● **Given data**:
________________________

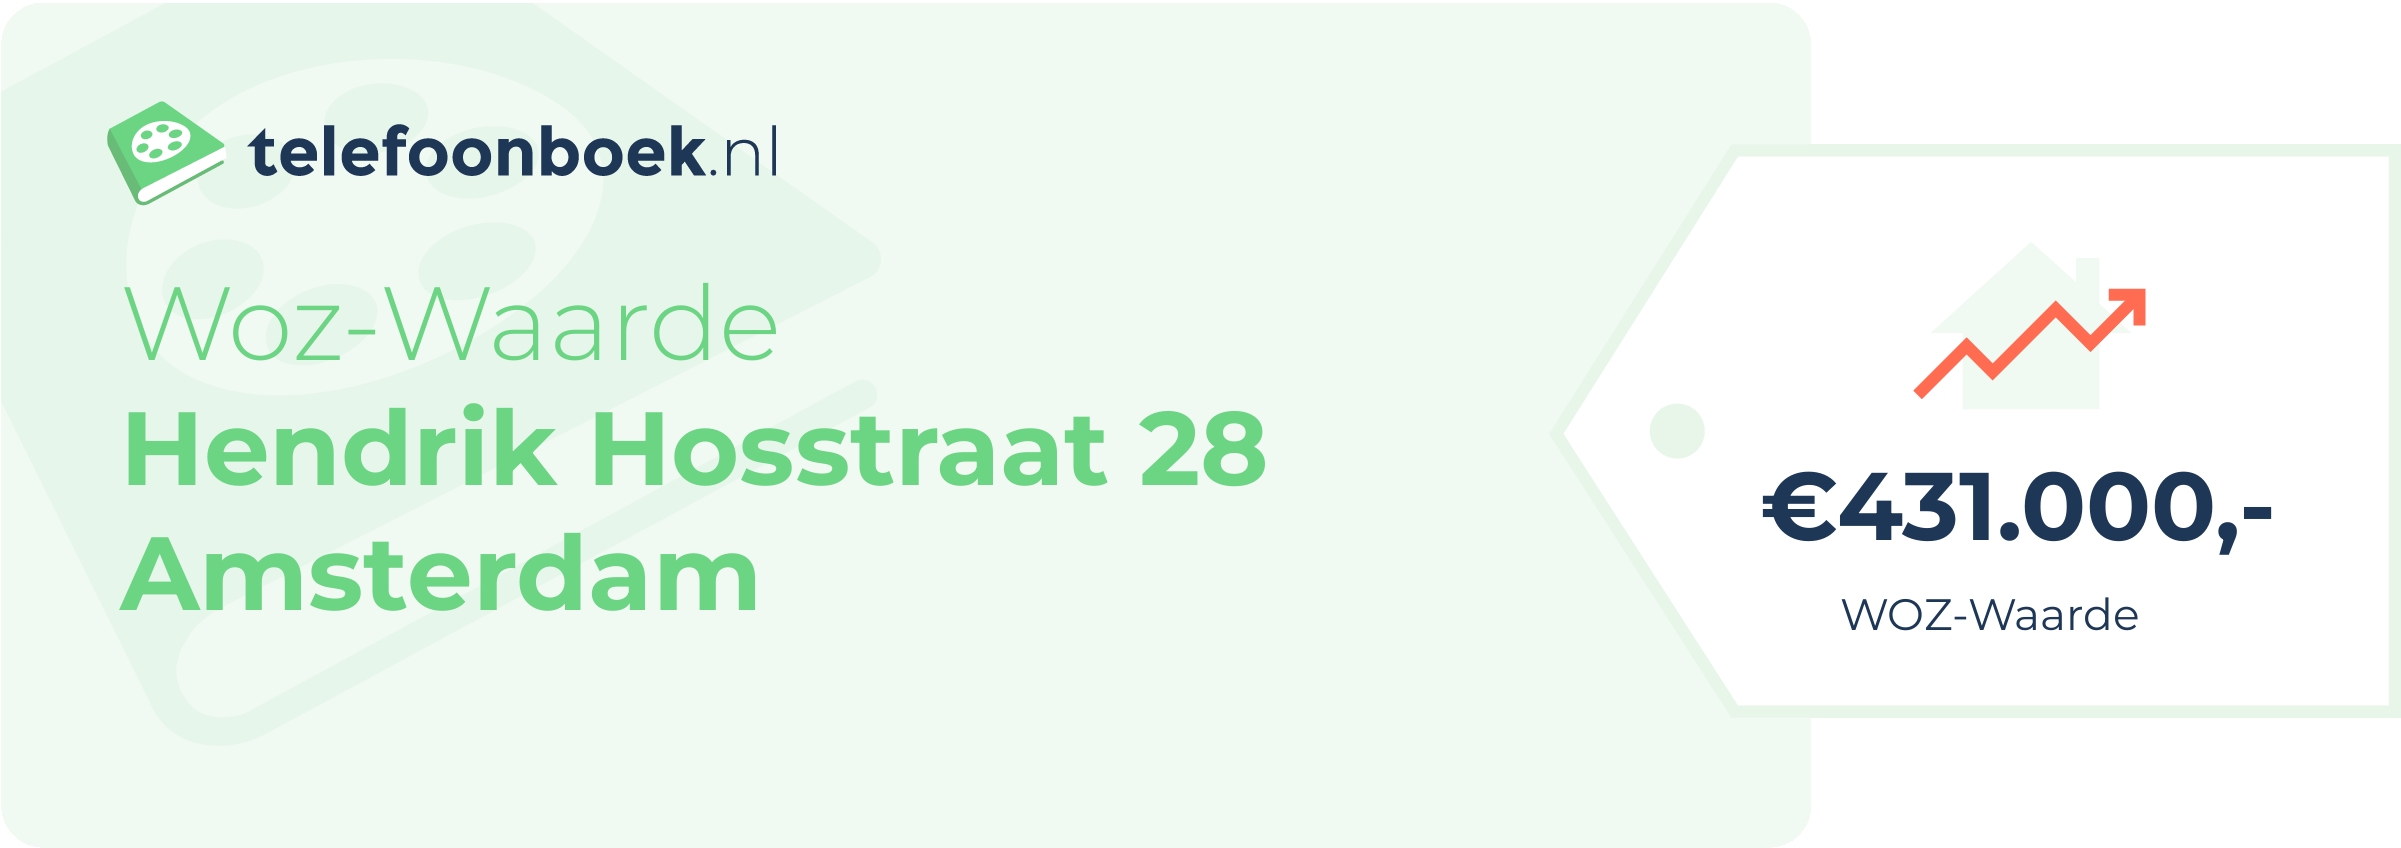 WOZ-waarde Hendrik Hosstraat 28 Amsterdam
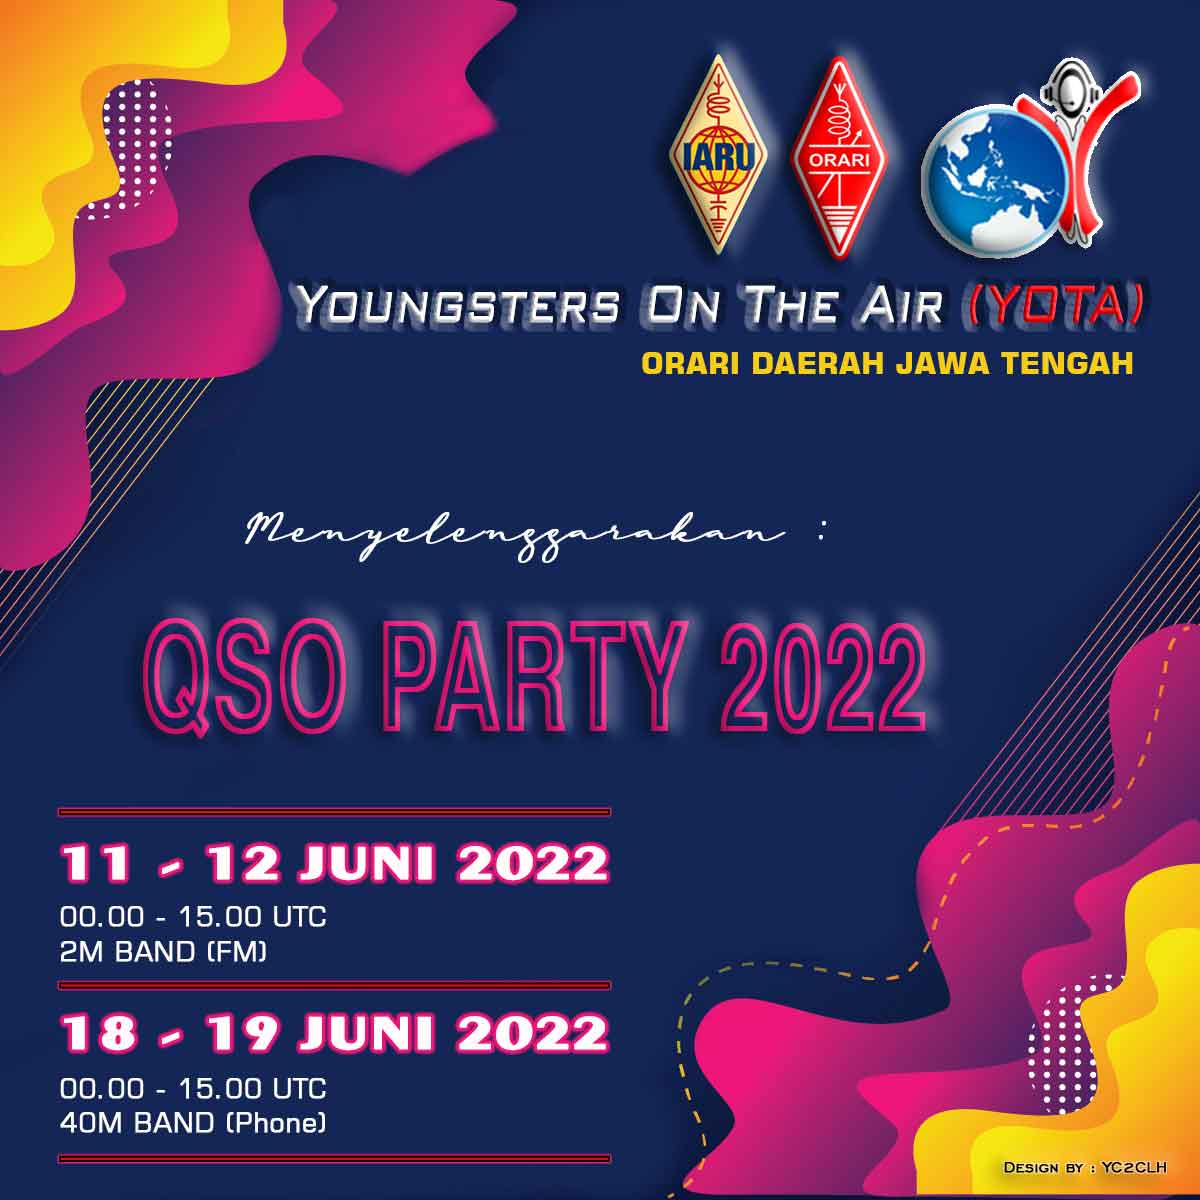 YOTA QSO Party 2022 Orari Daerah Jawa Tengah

________________________

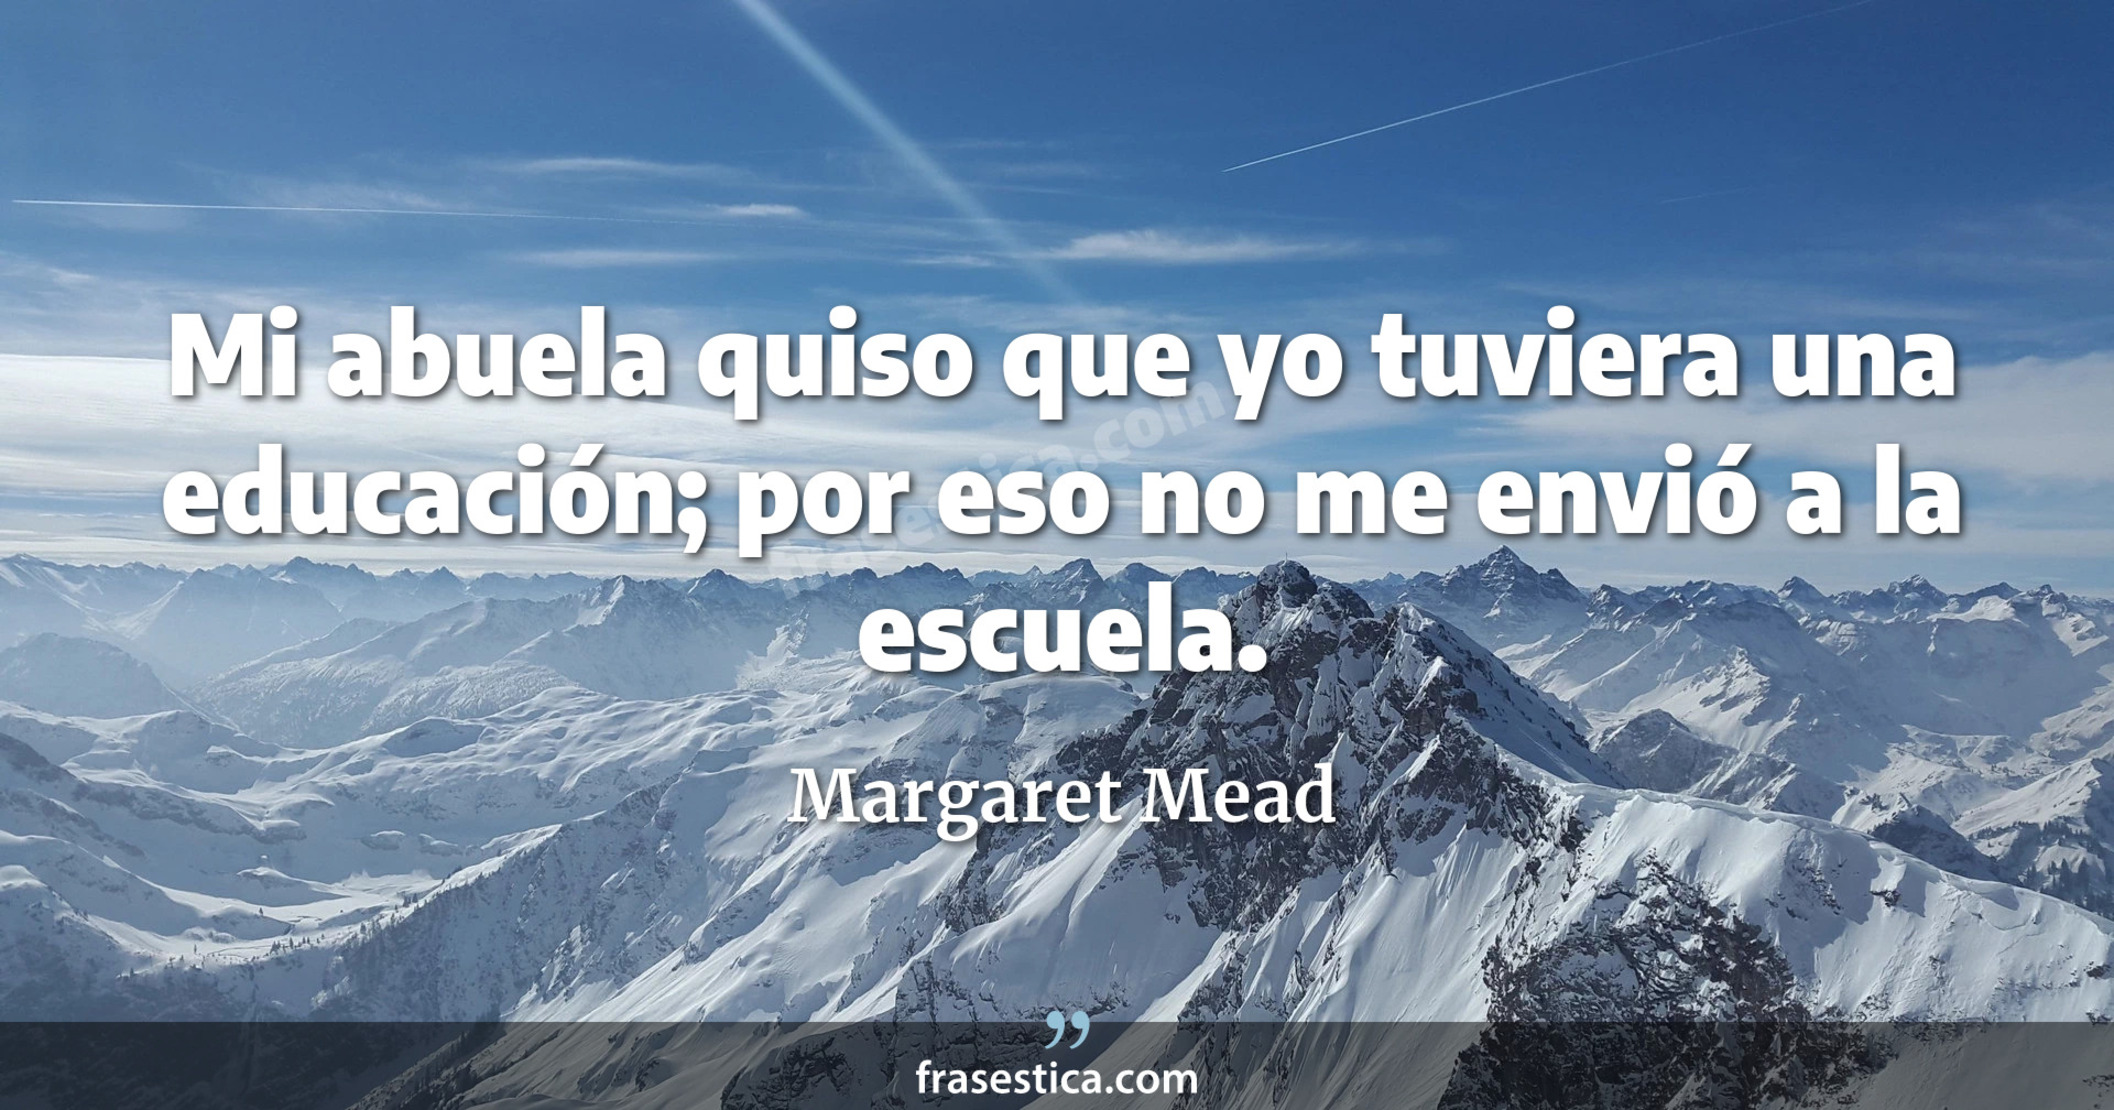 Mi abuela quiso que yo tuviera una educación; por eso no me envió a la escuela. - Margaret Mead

________________________

● **Action item**: Look above for the line with "WOZ-waarde Hendrik Hosstraat 28 Amsterdam", then give again exactly every line from there through the line with "YOTA QSO Party 2022 Orari Daerah Jawa Tengah", skipping the pictures.

● **Task result**:
 WOZ-waarde Hendrik Hosstraat 28 Amsterdam
 YOTA QSO Party 2022 Orari Daerah Jawa Tengah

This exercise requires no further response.